Concurrent with Telegram Founder Pavel Durov Arrested, one of the usual suspects showed up with a find in the Offshore Leaks material. I’ve been on the trail of GraphRAG for Disinfodrome and despite my preference for ArangoDB, it looks like the first workable solutions will involve Neo4j.
This potential find in Offshore Leaks seems quite a bit like the work that led to MIOS: Iran’s PressTV. The ICIJ makes the data available as Neo4j version 4 and version 5 exports. There’s a nice Github repo on how to handle it.

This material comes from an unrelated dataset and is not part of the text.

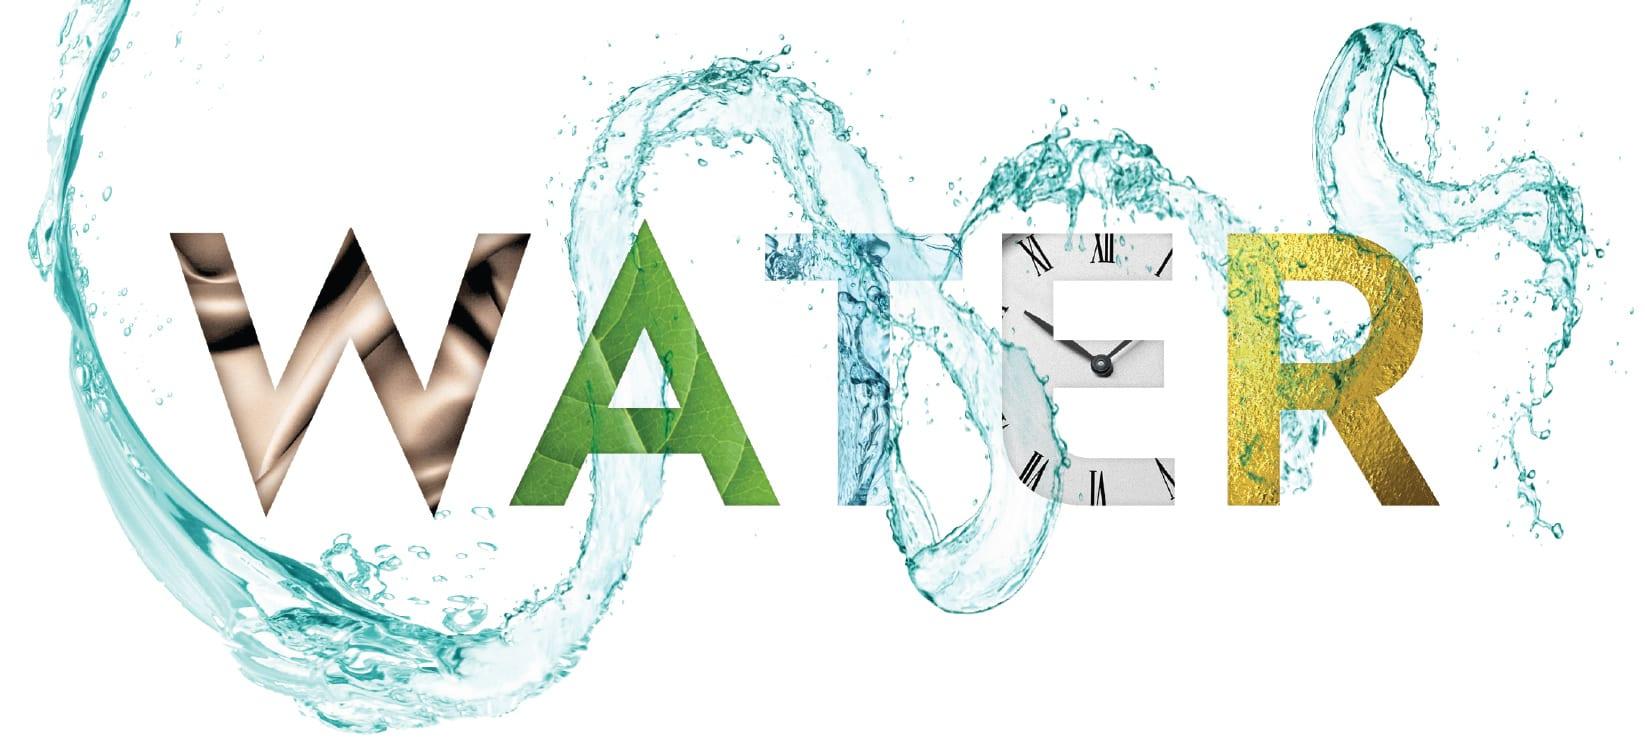 water-lagoon-advanced-care

Disinfodrome started life as a cluster of Open Semantic Search instances. It’s sprouted a Datasette capability. There is an OpenLDAP implementation that has languished for a couple months now. When complete it will be a directory of names/emails/phone numbers, and which leaks exposed them.
I have been dealing with a maze of a docker-compose.yml the last few days, and while it doesn’t include Neo4j, I might as well do this stuff in parallel.
Neo4j has some oddities in terms of network usage - it’s got an https web service interface, but there’s another port for BOLT and I recall desktop access needing that. Cloudflare won’t proxy that one, so this will be a Tailscale thing once it’s running.
If you want to poke around in Offshore Leaks, don’t wait for me - the Neo4j Desktop should be sufficient for that.